About El Salvador:
El Salvador was named after the Spanish word for “The Savior”. Known as the Land of Volcanoes, El Salvador has frequent earthquakes and volcanic activity. It is bordered on the northeast by Honduras, on the northwest by Guatemala, and on the south by the Pacific Ocean. El Salvador is the smallest country in Central America and is smaller than the state of Massachusetts.
In the 20th century El Salvador was roiled by political turmoil under a brutal dictatorship of the Salvadoran Armed Forces, which ruled the country for almost 48 years from December 2, 1931 until October 15, 1979 when a coup d’état took place, during which junior officers of the Armed Forces of El Salvador’s Military Youth Movement bloodlessly overthrew General Carlos Humberto Romero, the president of El Salvador. The coup leaders established the Revolutionary Government Junta that ruled El Salvador until 1982.
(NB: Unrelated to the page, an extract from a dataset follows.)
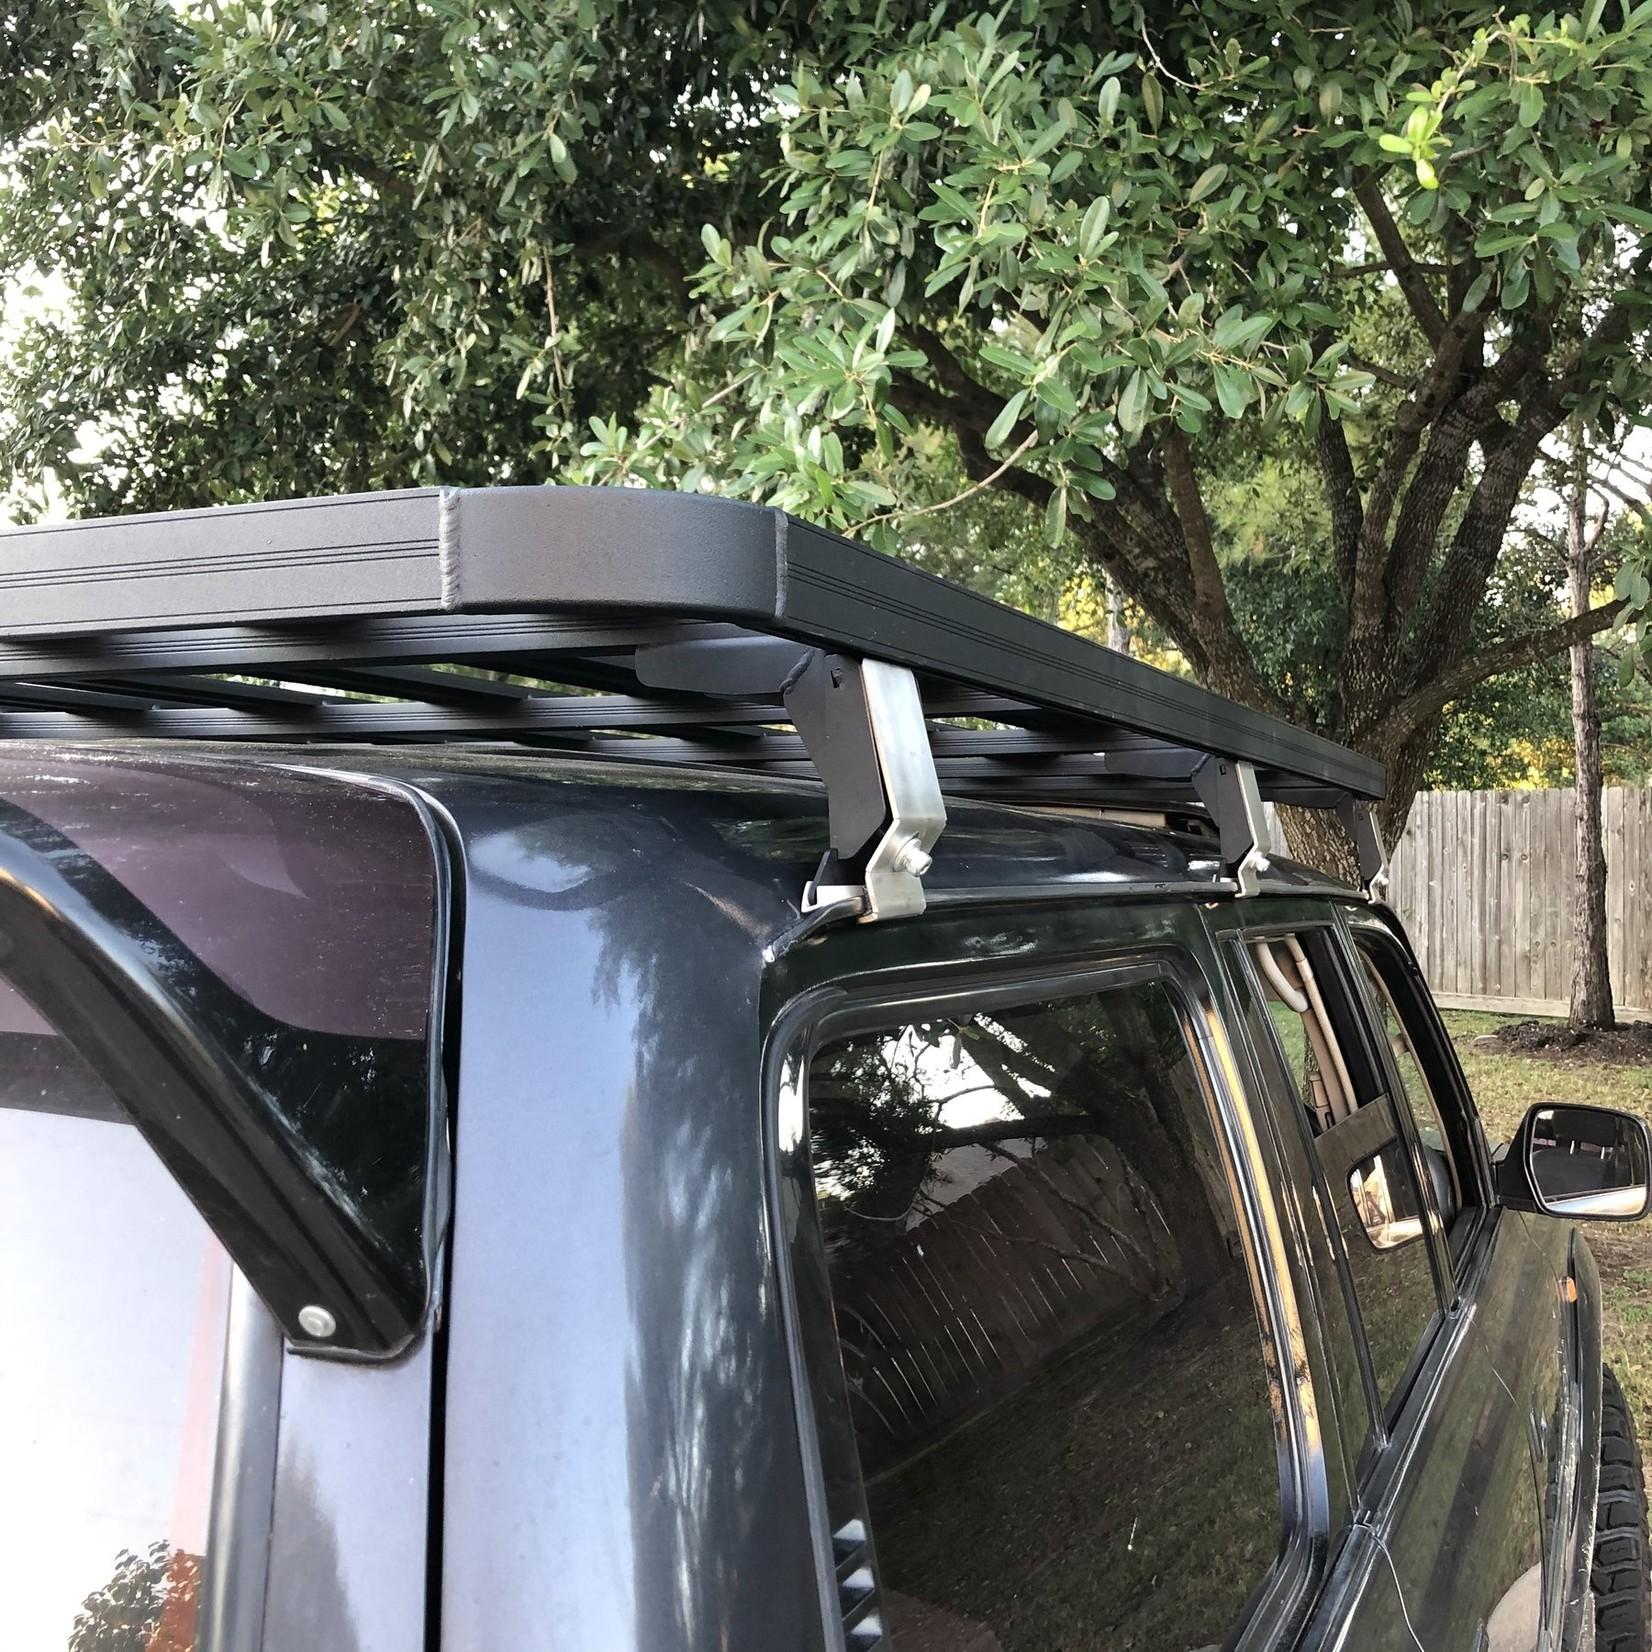 Big Country 4x4 Big Country 4x4 Toyota Land Cruiser 80 Roof Rack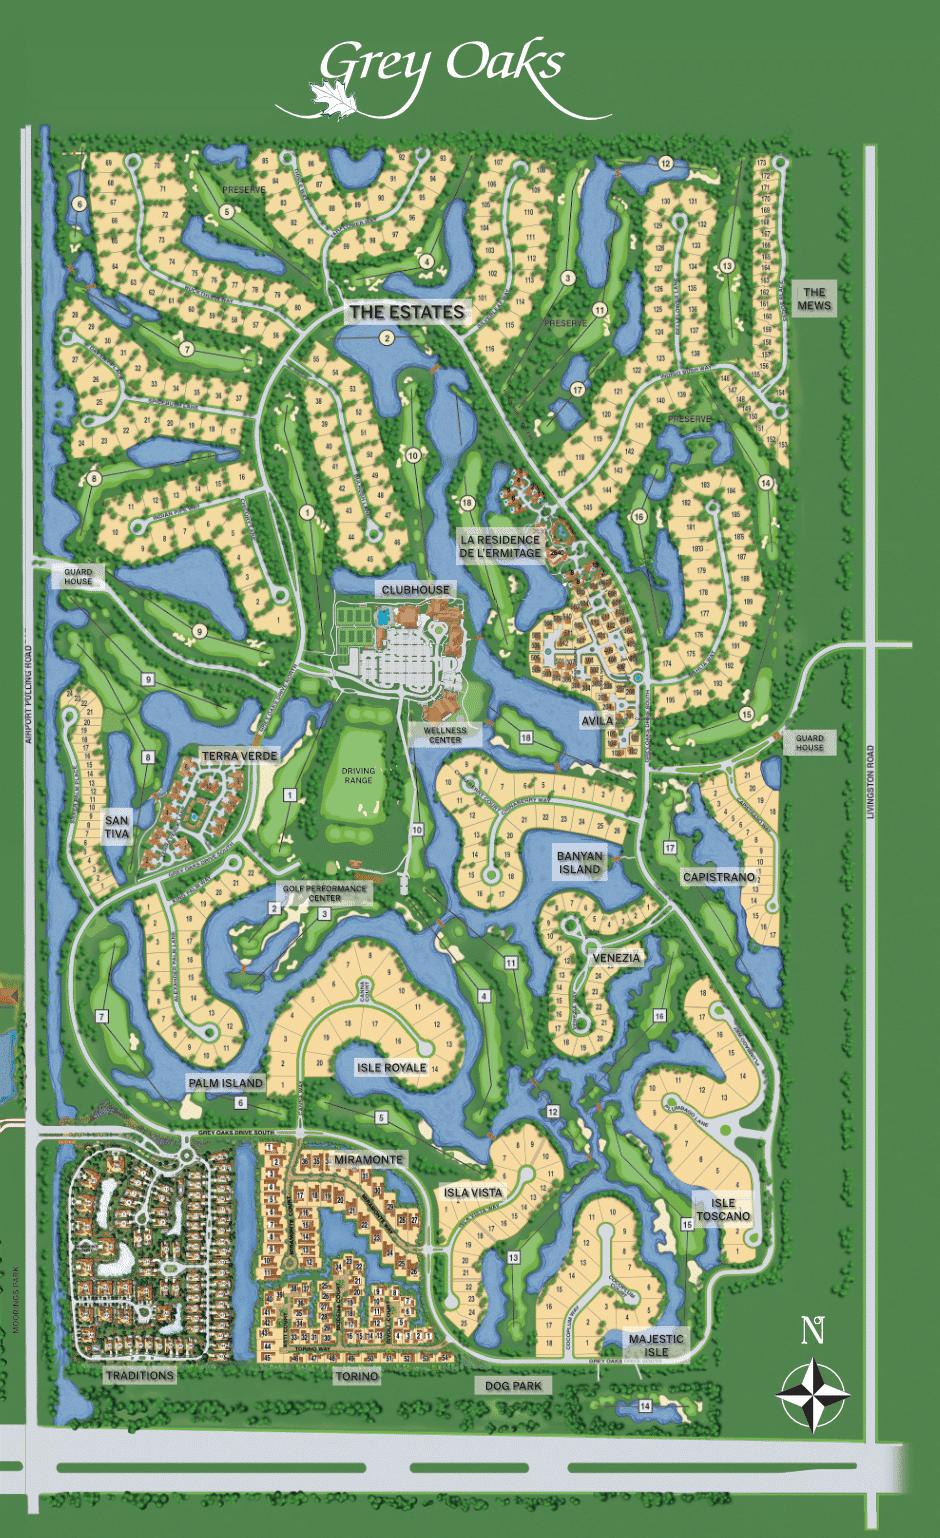 Grey Oaks site plan

As recently as the summer 2020, the U.S. State Department El Salvador listed El Salvador as a level 4 “do not travel”.
President Nayib Bukele took office in 2019 and was at the helm of a radical transformation. He led one of the most aggressive anti-gang efforts ever seen, suspended key constitutional rights, reshaped the prosecutorial independence, and consolidated unprecedented political power in the process. Although some of these might be seen as somewhat anti-democratic, it was obviously the answer to such rampant crime and violence, and probably the only answer.
Fast forward to 2025, El Salvador has gone from the murder capital of the world to having one of the lowest homicide rates in the Western Hemisphere.
The U.S. State Department has updated its travel advisory to level 1 travel (exercise normal caution), listing it as one of the safest travel destinations on earth.
Commercial development has been spurred by the newfound security of the country. In 2025 El Salvador appointed Liberty Networks to design, build, deploy, and manage its inaugural undersea cable system. The project will see the deployment of an 1100-mile (1,800-kilometer) undersea cable which will connect El Salvador to major international hubs. Exact details have not been released, but we expect landing stations near La Unión and potentially other coastal areas, feeding data to the capital, San Salvador, and other tech hubs.
Catholic places of interest in El Salvador:
Juayúa: Church of Santa Lucia (El negro Senor, the black crucifix)
San Salvador: Cathedral of the Holy Savior (tomb of St. Oscar Romero)
Traveling to El Salvador:
By air: Most visitors to El Salvador arrive by air. There is only one airport in El Salvador with scheduled flights, which is San Salvador (SAL) / Comalapa International Airport (El Salvador). Many airlines serve El Salvador, including Aeromexico, Air Canada, American, Avianca, Delta, and United.
By ship:Acajutla Cruise is the Pacific coast port.
The official currency of El Salvador is the U.S. dollar. U.S. citizens need a U.S. passport and either a Salvadoran visa or a one-entry tourist card.